3.5. Thermodynamic Parameters

Some thermodynamic activation parameters, viz., entropy change of activation ∆S, enthalpy change of activation ∆H, and free energy change of activation ∆G, were determined using Equations (13)–(15):

$${\mathrm{K}}_{\mathrm{D}}=\frac{{\mathrm{C}}_{\mathrm{o}}}{{\mathrm{C}}_{\mathrm{e}}}$$

(13)

$$\Delta {\mathrm{G}}^{°}=-{\mathrm{RT} \ln \mathrm{K}}_{\mathrm{c}}$$

(14)

$$\ln {\mathrm{K}}_{\mathrm{D}}=\frac{\Delta {\mathrm{S}}^{°}}{\mathrm{R}}-\frac{\Delta {\mathrm{H}}^{°}}{\mathrm{RT}}$$

(15)

where K_D is the distribution coefficient, R is the universal gas constant (8.314 JK⁻¹ mol⁻¹) and T(K) is the temperature.

The plot of ln K_D against 1/T as shown in Figure 13 was exploited to determine the values of both ΔH° and ΔS°. The results are displayed in

Table 3. Thermodynamic parameters of the adsorption of Pb(II) ions on the GA/MNP surface.

T, K	∆G, kJ/mol	∆S, J/mol K	∆H, kJ/mol
298	−6.1	26.6	15.0
308	−6.5
318	−6.8
328	−7.3

. The obtained positive value of ΔH° proves the endothermic nature of the adsorption system, while the positive value of ΔS° suggests the spontaneous nature of the Pb(II) ion removal process. Furthermore, the high value of ΔS° indicates an irregular and permeable adsorbent. Moreover, in all experiments, ΔG° showed negative values that increased by rising temperature, suggesting a favorable adsorption process at elevated temperatures that conforms with the observation that the adsorption efficiency increases with temperature. It is reported that the adsorption process is considered physical when the adsorption free energy change (∆G°) ranges between −20 and 0 kJ/mol and chemical when ∆G° ranges between −400 and −80 kJ/mol. Thus, the adsorption nature for the current process is physical [7,37,38,39].

3.6. Selectivity

The selective adsorption investigations were performed using an aqueous solution containing a mixture of multi-interfering ions including Cr(III), Cu(II), and Ni(II). The competing metal ions were selected based on either similar mode coordination or charge, besides the co-occurrence of such solutions within the real effluent from various industrial sectors. Results displayed in

Table 4. The removal efficiency of Pb(II) by GA/MNPs in the presence of some interfering ions.

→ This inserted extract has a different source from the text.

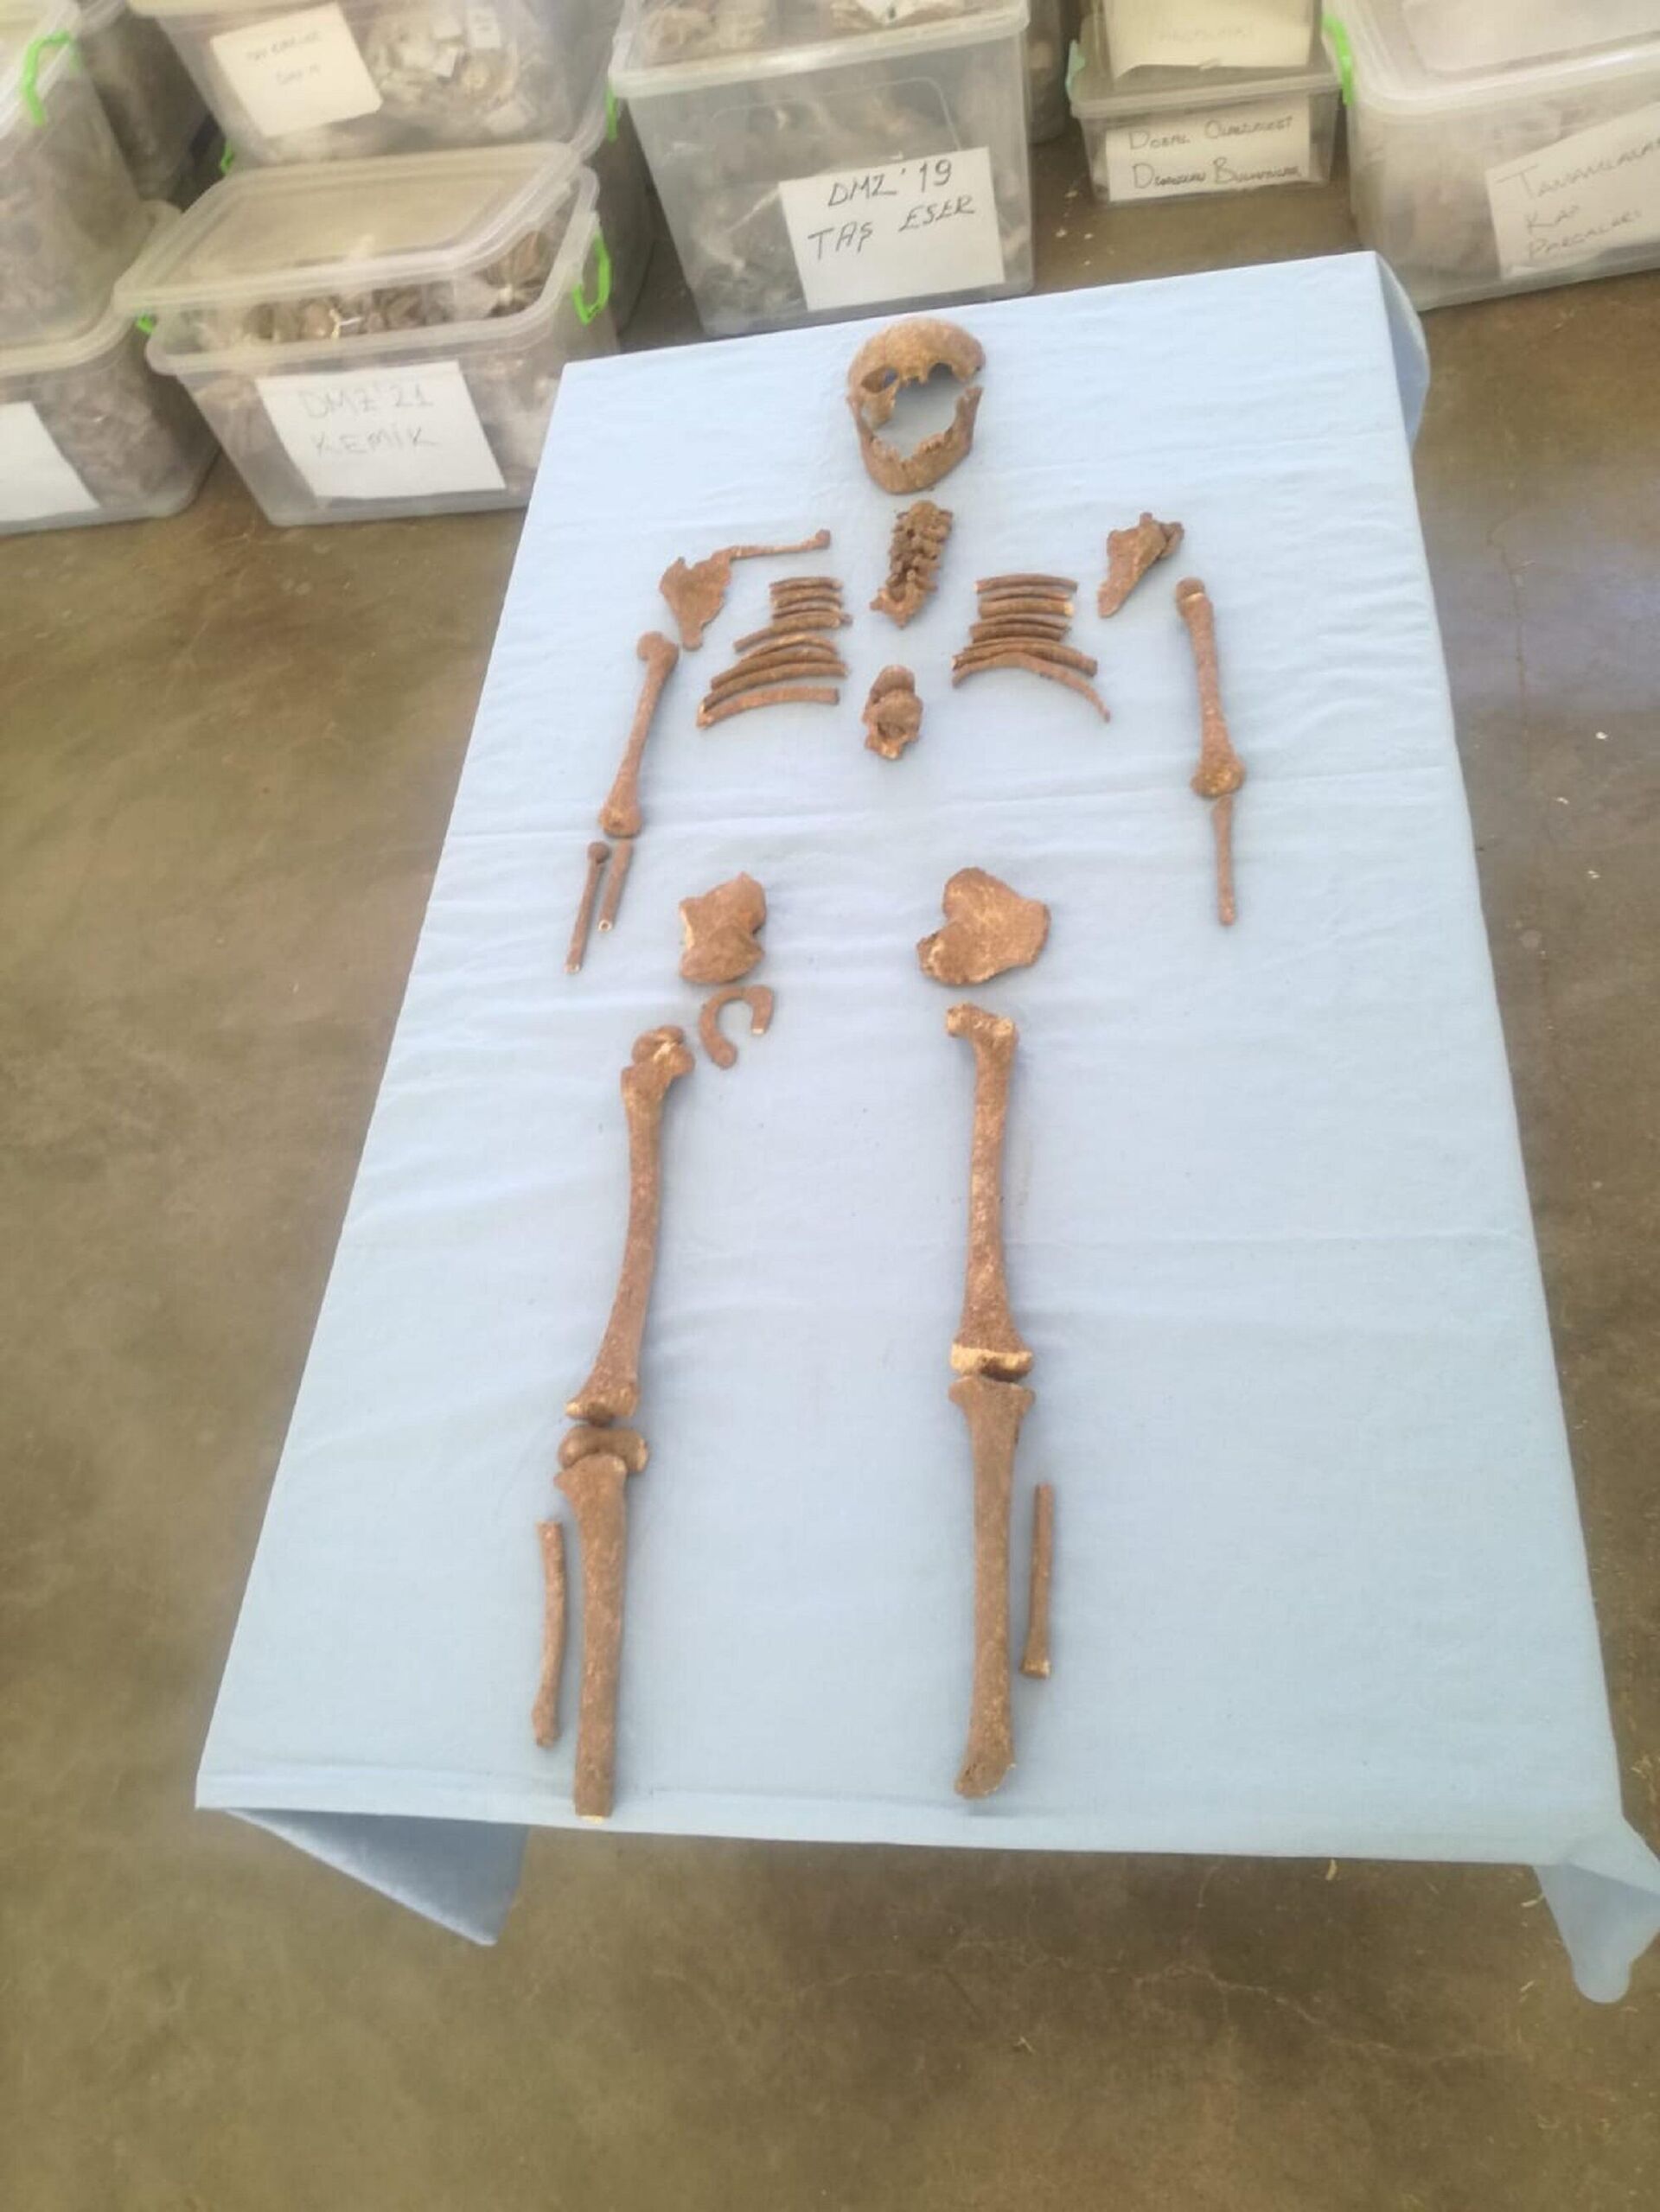 Domuztepe Höyüğü'nde Orta Çağ Dönemi'ne ait çocuk iskeleti bulundu - Sputnik Türkiye, 1920, 20.09.2021

Existing Metal Ion	Concentration of Each Metal	R% of Pb(II) Ions
Cr(III), Ni(II), Cu(II)	5.0 mg/L	92
Cr(III), Ni(II), Cu(II)	10.0 mg/L	88
Cr(III), Ni(II), Cu(II)	15 mg/L	84

show that the efficiency of removal of Pb(II) by GA/MNPs slightly decreased with the increase in concentration of these interfering ions, indicating a moderate selectively trend of GA/MNPs toward Pb(II) ions.

3.7. Reusability of the Composite

The adsorption and reactivation processes were performed four times using the same composite. Figure 14 shows the removal efficiency in each case. The removal efficiency decreased gradually from 95.6 when the GA/MNPs were used for the first time until it reached, in the last cycle, 81% of its initial efficiency. These results confirm the high reusability performances of the composite at least three times.

3.8. Comparison of GAMNPs with Other Materials Used for Pb(II) Removal

The maximum uptake capacity and some experimental optimum conditions for the adsorption process of Pb(II) ions from aqueous solutions are shown in

Table 5. Comparison between the maximum uptake capacity and the optimum conditions for various adsorbents.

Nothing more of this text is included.